Dimension Reduction by Mutual Information Feature Extraction
During the past decades, to study high-dimensional data in a large variety of problems, researchers have proposed many Feature Extraction algorithms. One of the most effective approaches for optimal feature extraction is based on mutual information (MI). However it is not always easy to get an accurate estimation for high dimensional MI. In terms of MI, the optimal feature extraction is creating a feature set from the data which jointly have the largest dependency on the target class and minimum redundancy. In this paper, a component-by-component gradient ascent method is proposed for feature extraction which is based on one-dimensional MI estimates. We will refer to this algorithm as Mutual Information Feature Extraction (MIFX). The performance of this proposed method is evaluated using UCI databases. The results indicate that MIFX provides a robust performance over different data sets which are almost always the best or comparable to the best ones.
💡 Research Summary
The paper addresses a fundamental challenge in high‑dimensional data analysis: extracting a compact set of features that are maximally informative about the target class while being minimally redundant among themselves. Mutual information (MI) is a natural metric for measuring both relevance (dependency on the class) and redundancy (dependency among features), but accurate estimation of high‑dimensional joint MI is notoriously difficult due to the curse of dimensionality and limited sample sizes. To circumvent this problem, the authors propose a novel algorithm called Mutual Information Feature Extraction (MIFX) that relies exclusively on one‑dimensional MI estimates and a component‑by‑component gradient‑ascent strategy.
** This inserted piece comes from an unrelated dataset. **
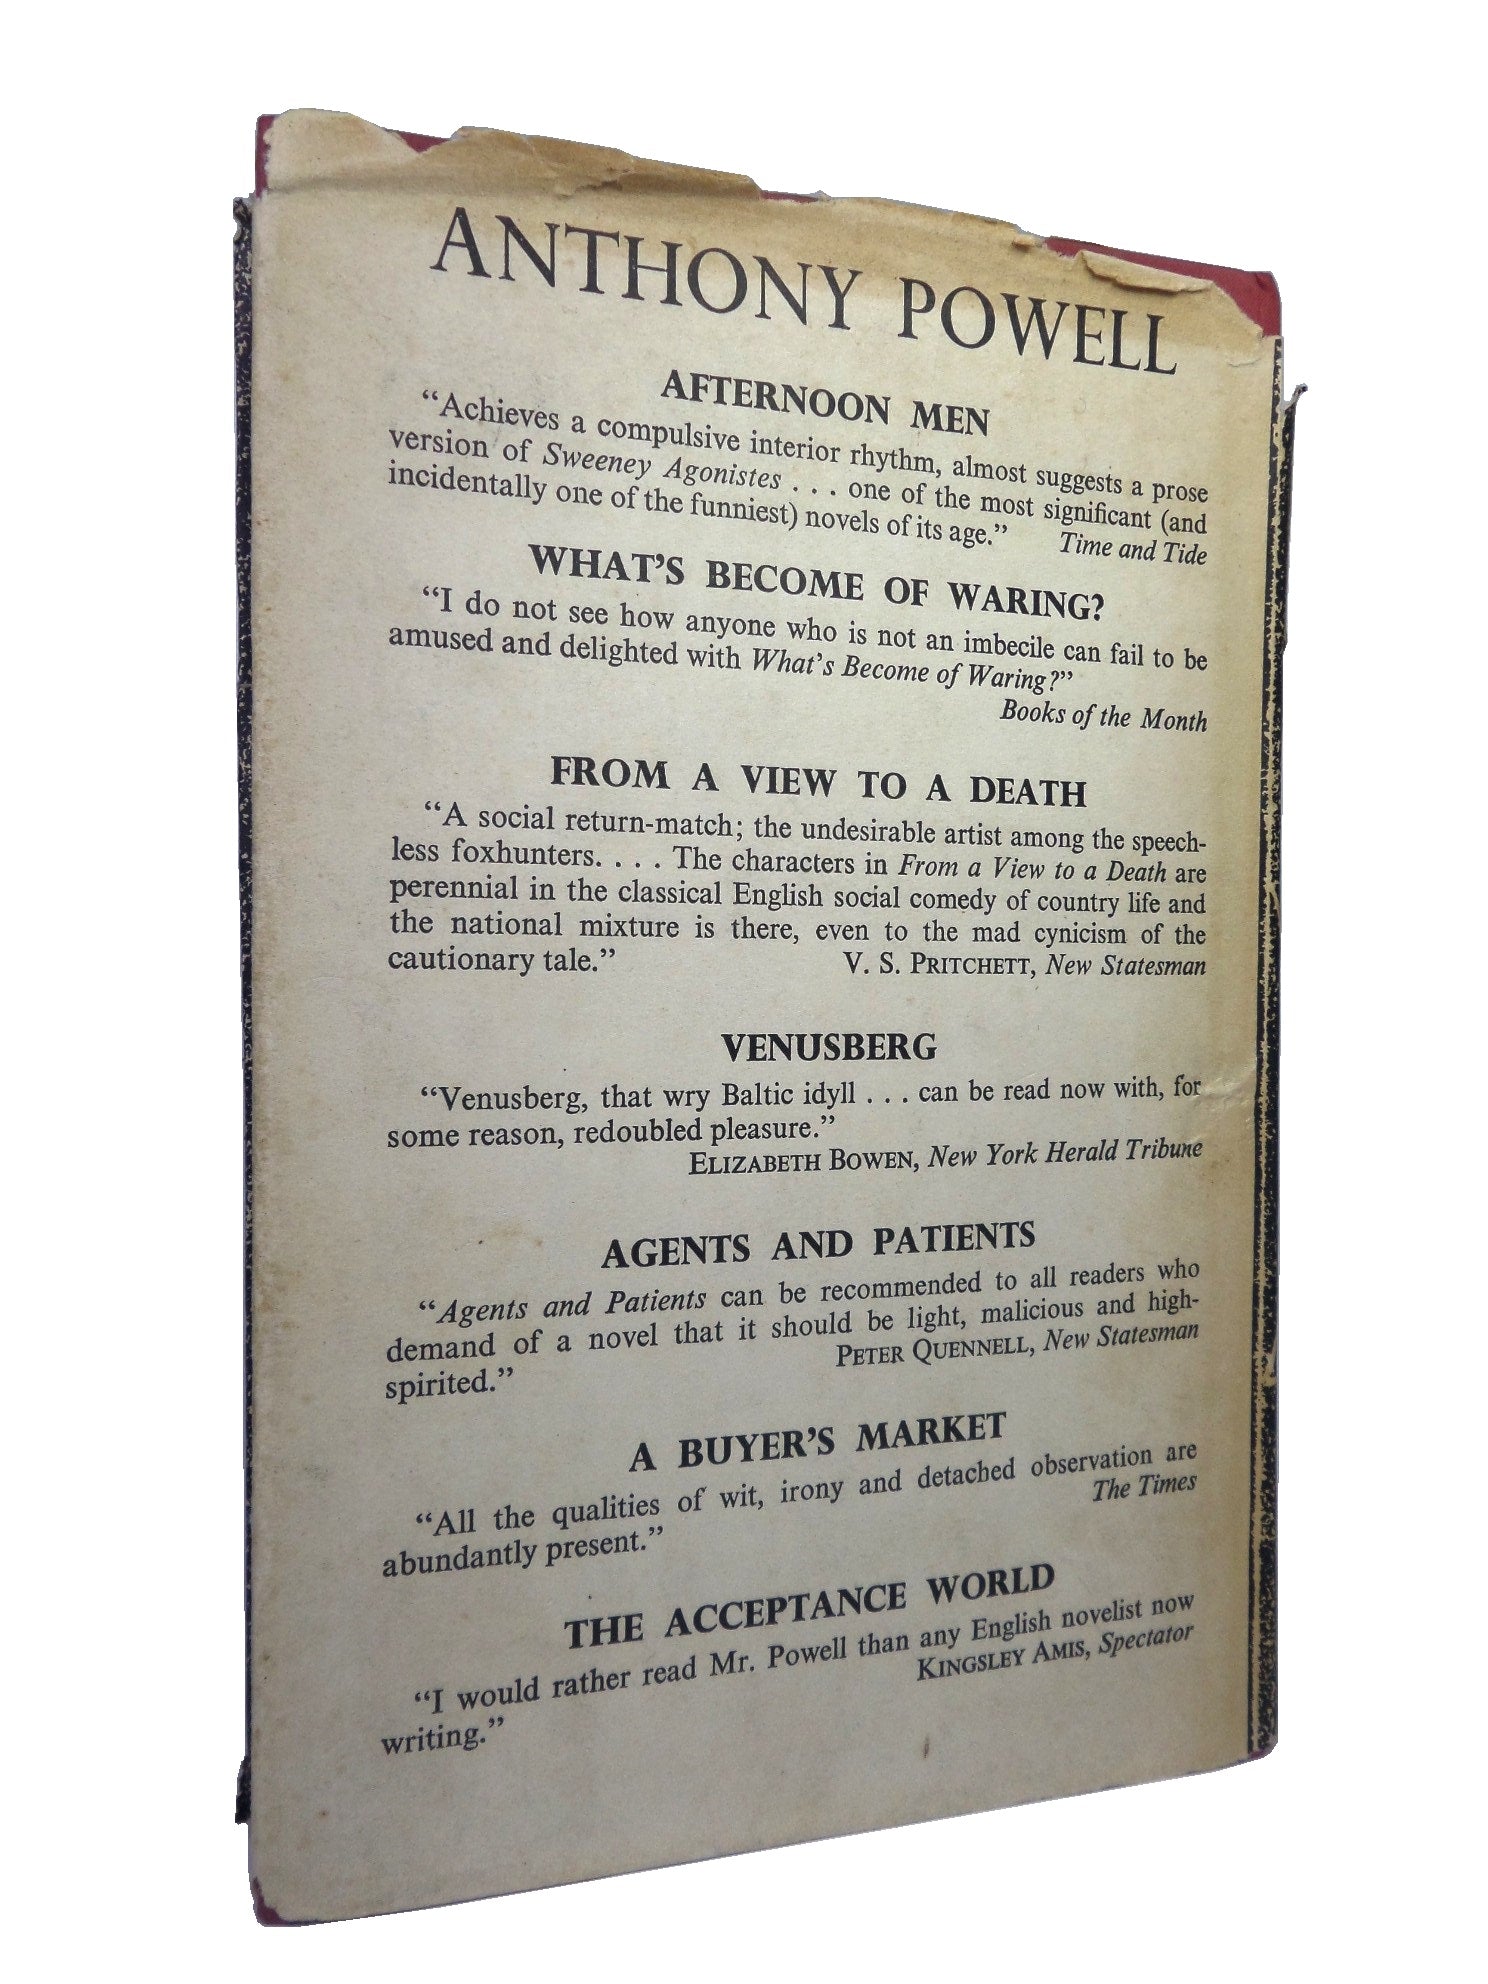 A QUESTION OF UPBRINGING BY ANTHONY POWELL 1955

The algorithm proceeds as follows. First, the MI between each original variable X_i and the class label Y, I(X_i;Y), is estimated using a reliable estimator (e.g., k‑nearest‑neighbor or kernel density based). The variable with the highest I(X_i;Y) is selected as the first feature. In subsequent iterations, a candidate variable X_k is scored by the expression
Score(k) = I(X_k;Y) – λ ∑_{j∈S} I(X_k;X_j),
where S is the set of already selected features and λ is a user‑defined trade‑off parameter that balances relevance against redundancy. The candidate with the maximal score is added to S, and the process repeats until a predefined dimensionality d is reached. Because only one‑dimensional MI terms appear in the score, the method avoids the need to estimate high‑order joint distributions, dramatically reducing computational burden and estimation error.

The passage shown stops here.